Do I have to have multiple Load statements for each file? I notice that the variable vSourceFile only contains a single file so subsequently it doesnt know about the others although it has listed them in table Files (i think this is based on the use of Peek)

So as an example I would load the following tables based on the combination of date and file name:

example.JPG

Thanks

Martin

Gysbert_Wassenaar

Ah, more details. Wish you could have added those earlier. So we're not dealing with dates, but timestamps.
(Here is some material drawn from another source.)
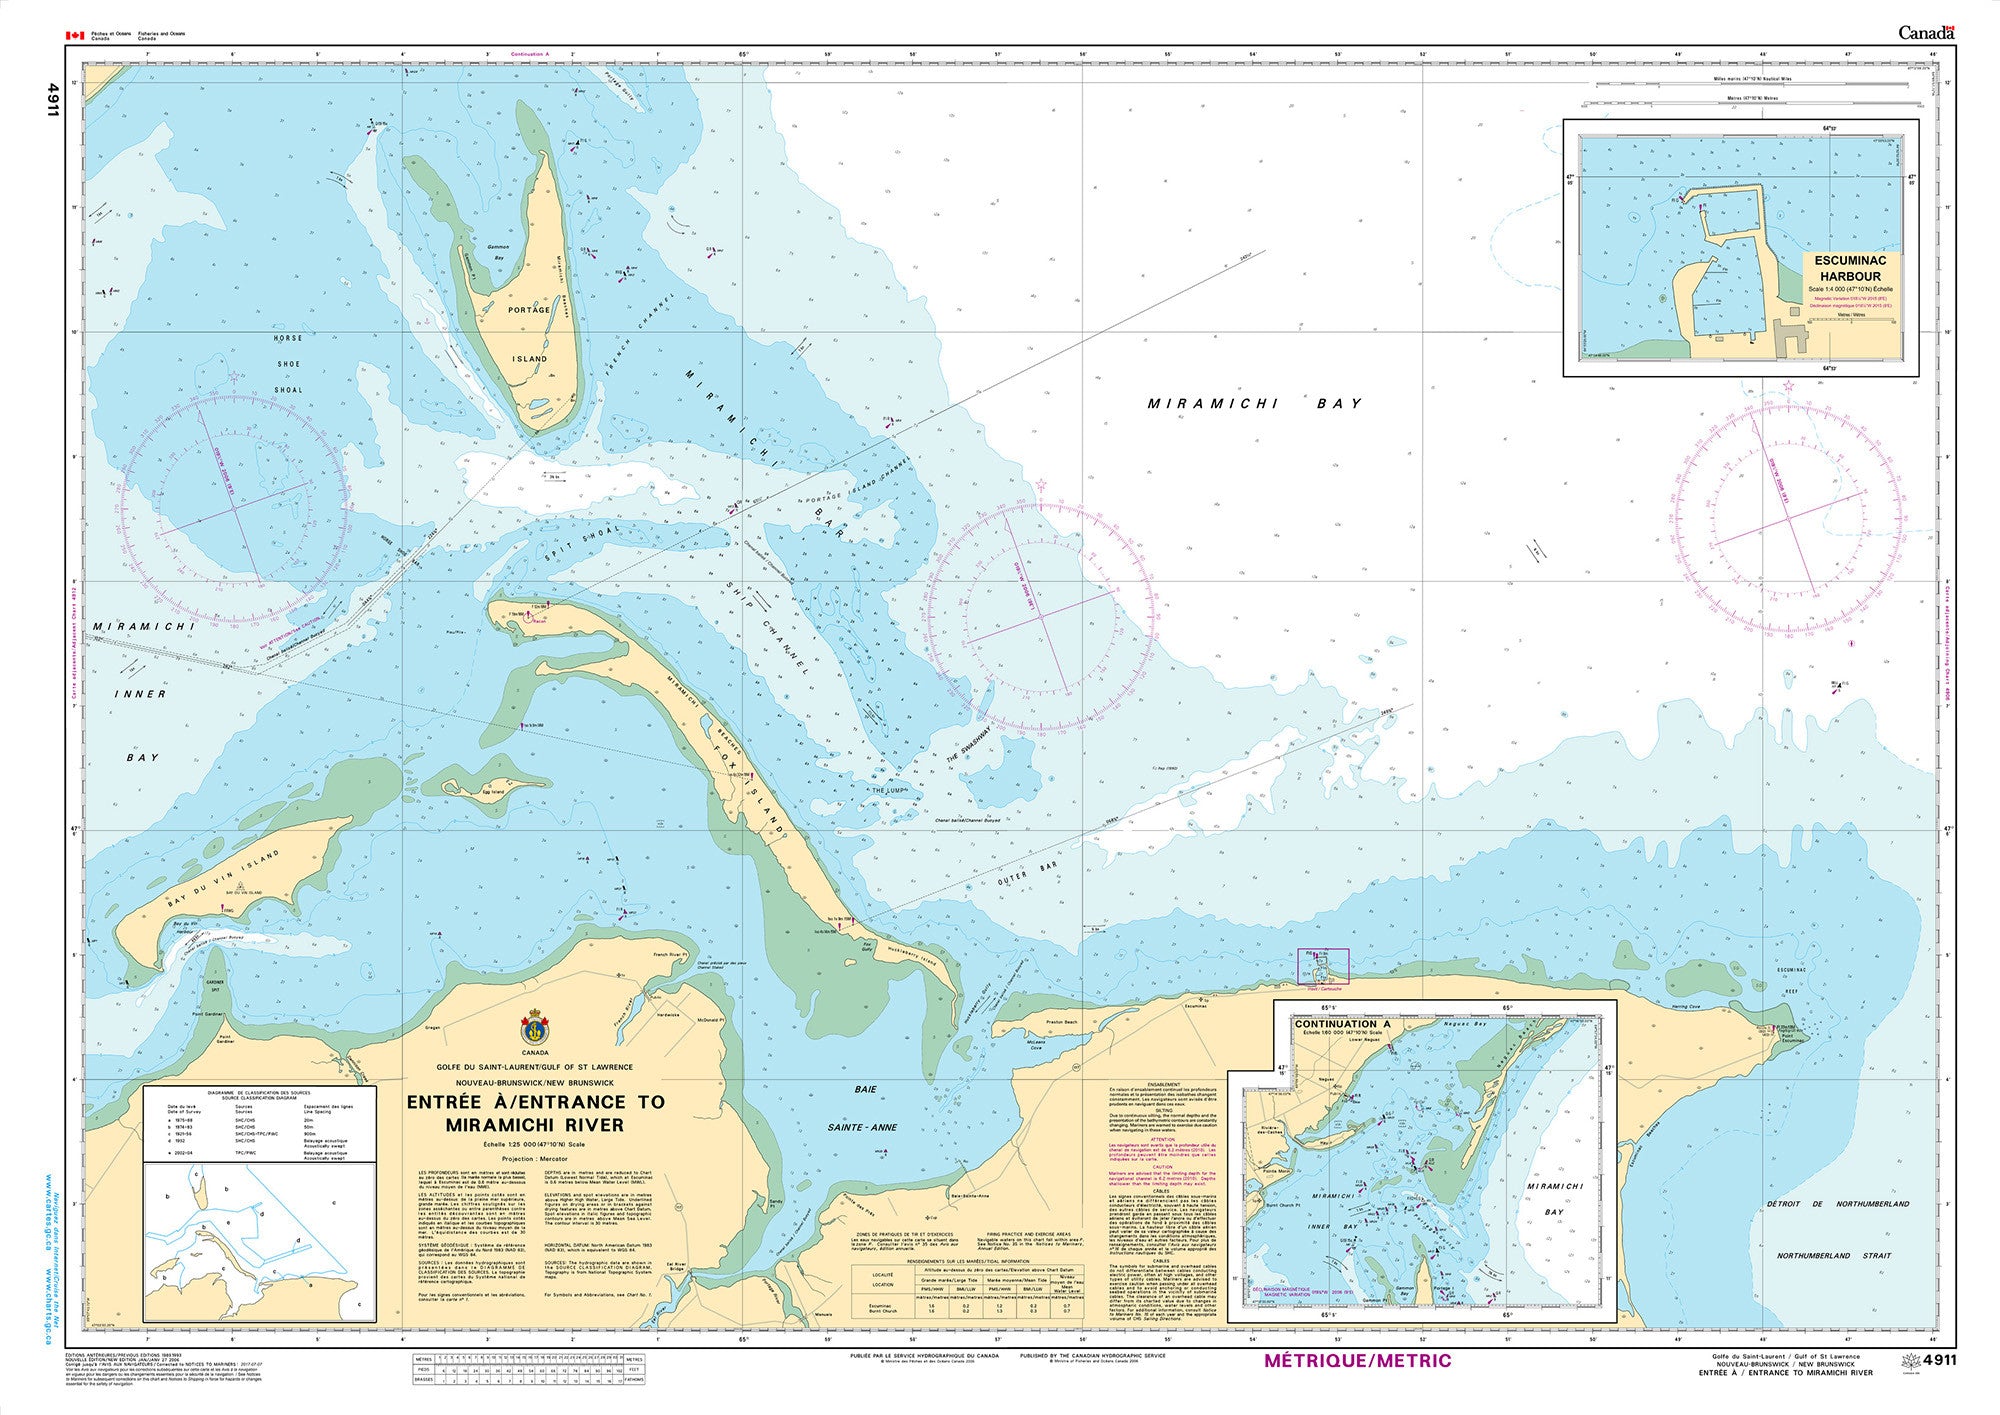 Canadian Hydrographic Service Nautical Chart CHS4911: Entrée à/Entrance to Miramichi River
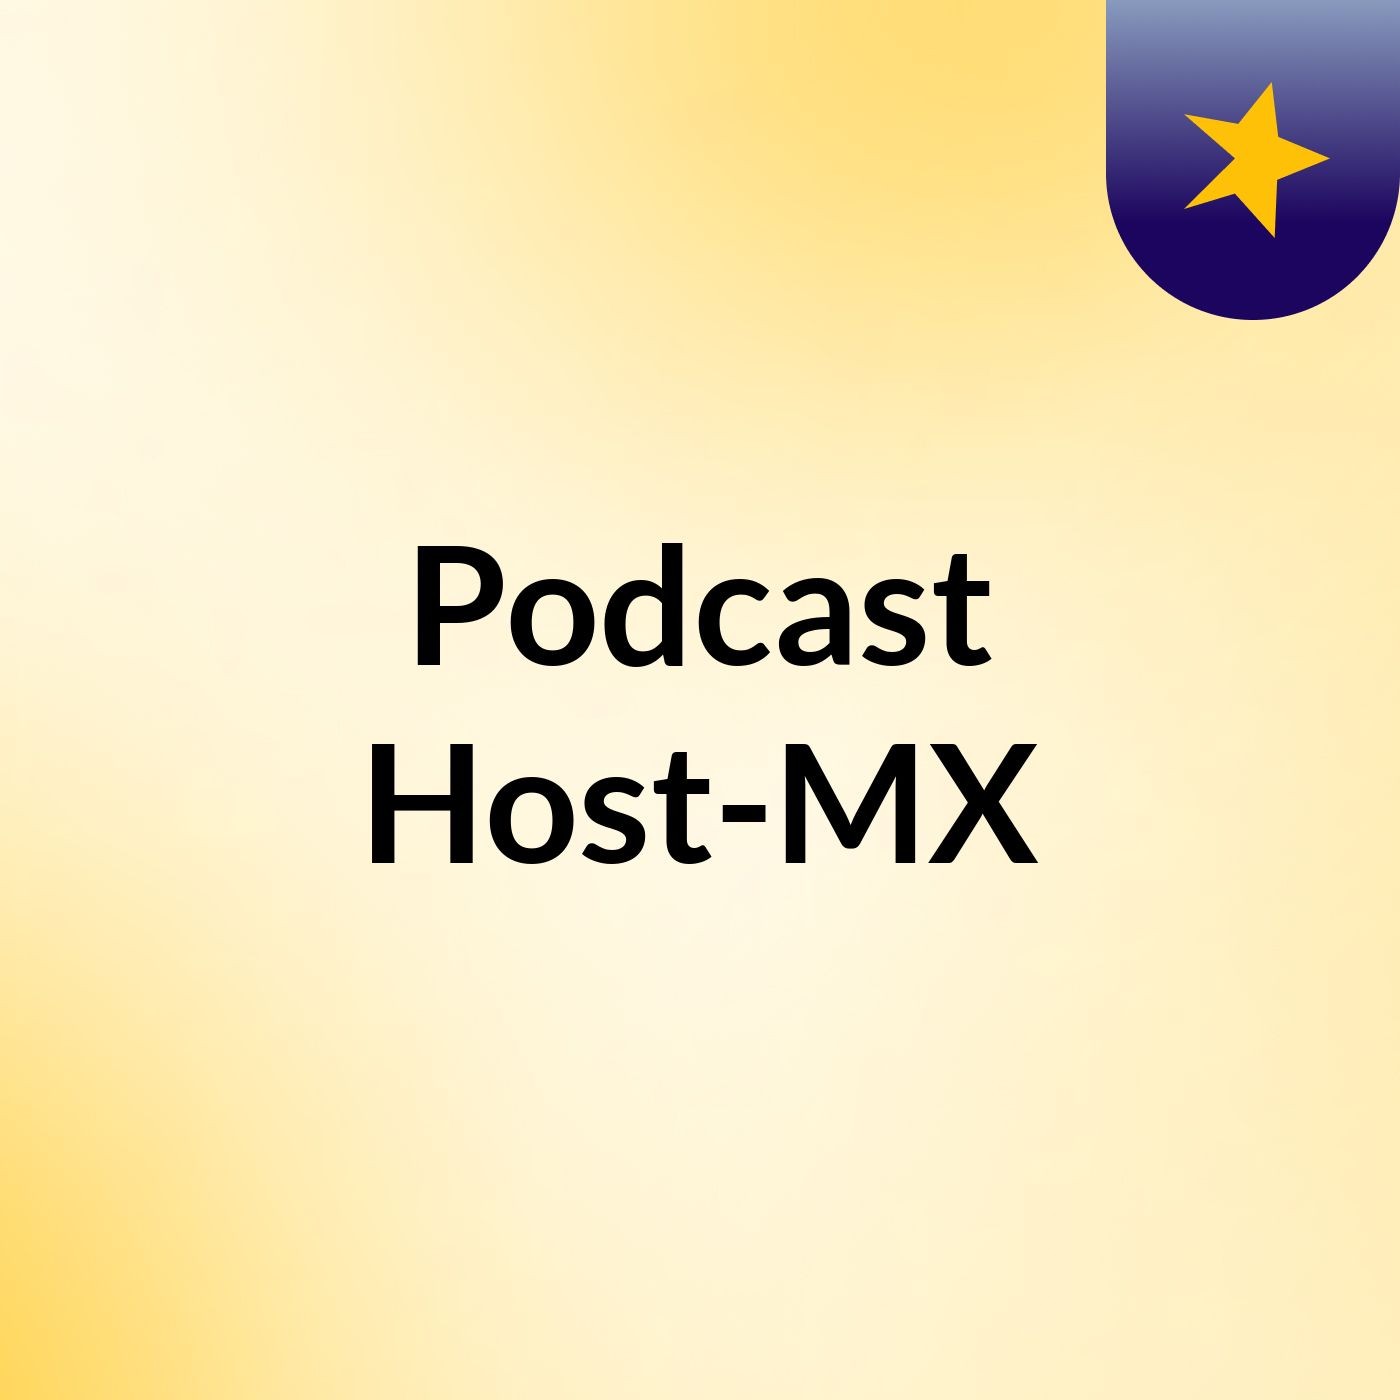 Podcast Host-MX

And you don't want the latest date that's the same for the different kind of files, but latest timestamp per type of file, which will be different for the different kind of files.

So not LET vDate = Date(Date#(Left('$(vFileName)',8),'YYYYMMDD'),'YYYYMMDD');

But LET vDate = TimeStamp(TimeStamp#(Left('$(vFileName)',8),'YYYYMMDDhhmmss'),'YYYYMMDDhhmmss');


And you need the kind of file as well: LET vFileKind = Mid(SubField('$(vFile)','\',-1),15) as FileKind;


Then you want the maximum timestamp per FileKind:


Files:

LOAD FileKind, Max(Date) as Date RESIDENT tmpFiles GROUP BY FileKind;




talk is cheap, supply exceeds demand
priyasawant
Creator II
Creator II

can anyone help me i am having same kind of issue..

I am having a QVD extractor which extracts QVD as per the Business Date & Business Name

for e.g.

20200930_ABC_(Reload date and timestamp) like 20201120 18:33:10

20200930_DCS_20201120 18:40:20

so on as and when i reload the app i have a new created generated for 4 different Business, but now into my main App i have to load all the Business data along with the latest reload date.